Panel with David Dastmalchian, Eric Powell, et al

  I looked up books written by authors I hadn't heard of before, and have been reading them after getting back. I loved Thien Pham's Family Style, and was floored by Harold Schechter & Eric Powell's Did You Hear What Eddie Gein Done? The movie versions of the Ed Gein story (Psycho, Texas Chainsaw..., etc) pale in comparison to his real life.

 The second highlight was one of the main reasons I attended SDCC: getting to meet some of my favorite artists. I loved taking pictures with them, interacting with them, and getting their books autographed. Some of these were easy enough, but others required spending money AND standing in lines to get a chance at standing in lines to get their signature. 

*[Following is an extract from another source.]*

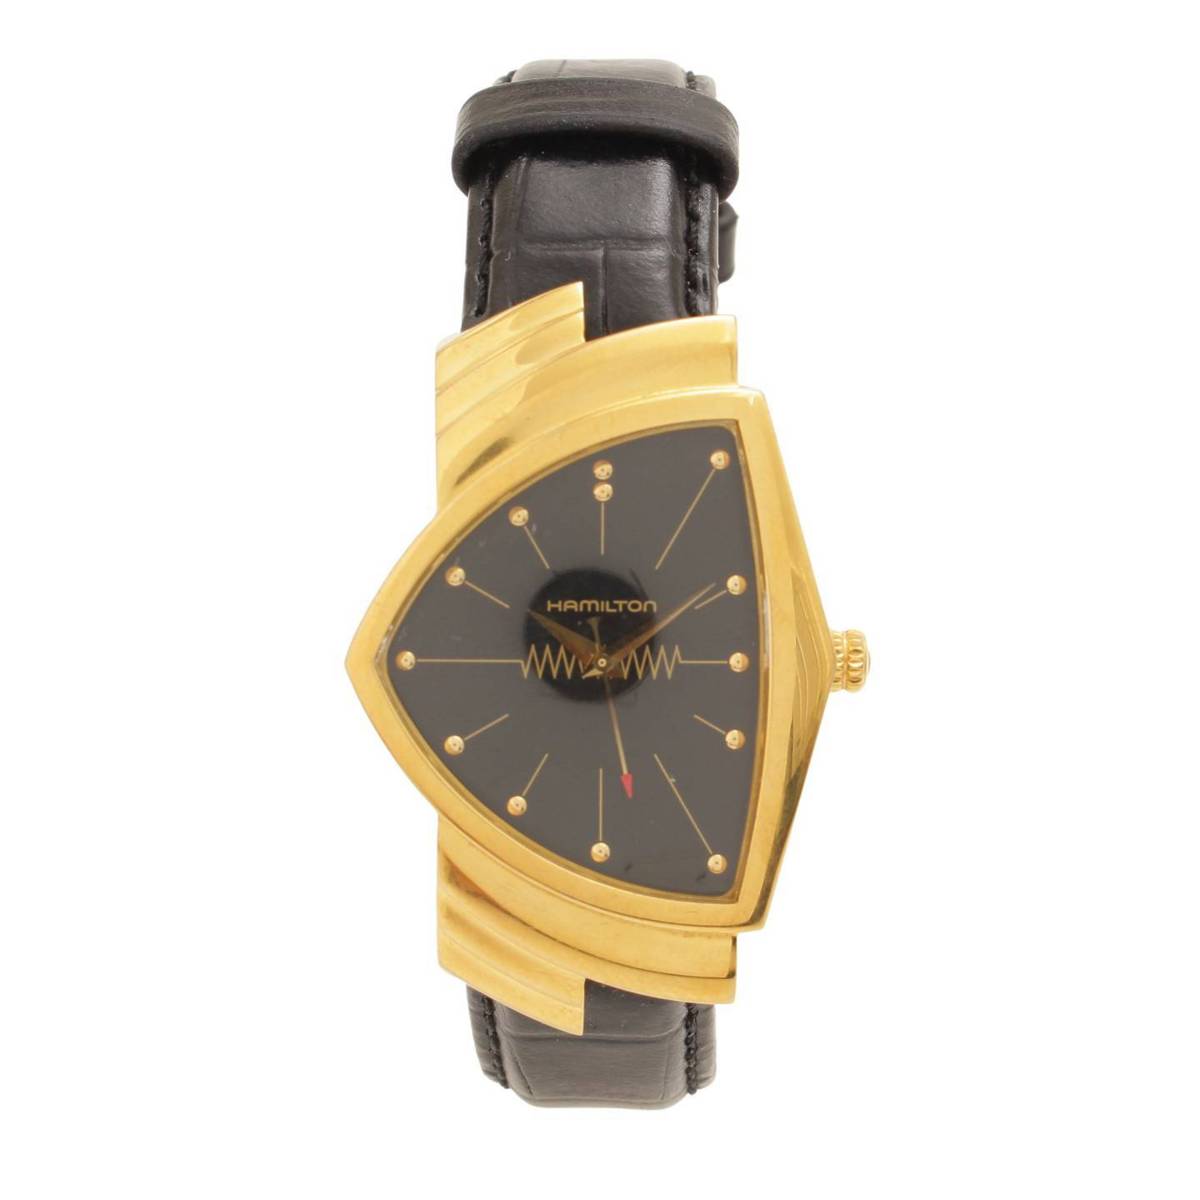 ハミルトン(Hamilton) ベンチュラ クオーツ 腕時計 H243010 ゴールド ブラック レザー 革

Lunch with the incredibly talented Craig Thompson of Blankets fame

With Brian K Vaughan, he of Saga, Y: The Last Man, Paper Girls, Runaways & more

Daniel Clowes, creator of Ghost World, Monica, etc 

With the awesome Emil Ferris, of My Favorite Thing Is Monsters

 I didn't tell my kids about this earlier as I wanted to surprise them with the actual signed comics. So getting Brian K Vaughan, Bryan Lee O'Malley, and Neil Druckmann's signatures for Rachu, and the legendary Frank Miller for Karan was absolutely the highlight of my Comic Con.

Neil Druckman

After getting Frank Miller's signature

Scott Pilgrim's Precious Little Life! 

Brian K Vaughan apparently knows me very well


With Tom King, writer of the Vision books and Supergirl: Woman of Tomorrow

Jeph Loeb signing (and doodling) Hush for me

The doodle bit is interesting, as it's an additional little gesture from the artist towards the fan. As I understand it, the vanilla signature on a book is the baseline. Artists often prefer that you ask to make it out to someone, as then the chances of you trying to sell the book with the signature on eBay are low. The next best thing is to get an additional little doodle on the page, which adds pizzazz. You can see some of these in the pics above.

The artist who drew my favorite Alan Moore comic, From Hell, Eddie Campbell

 I got back home with a suitcase full of books, a long list of comics to read, and a heart full of thanks to Satya and his friends, who were kind enough to accommodate a wide-eyed civilian in their midst for a few days at this mecca of geekdom.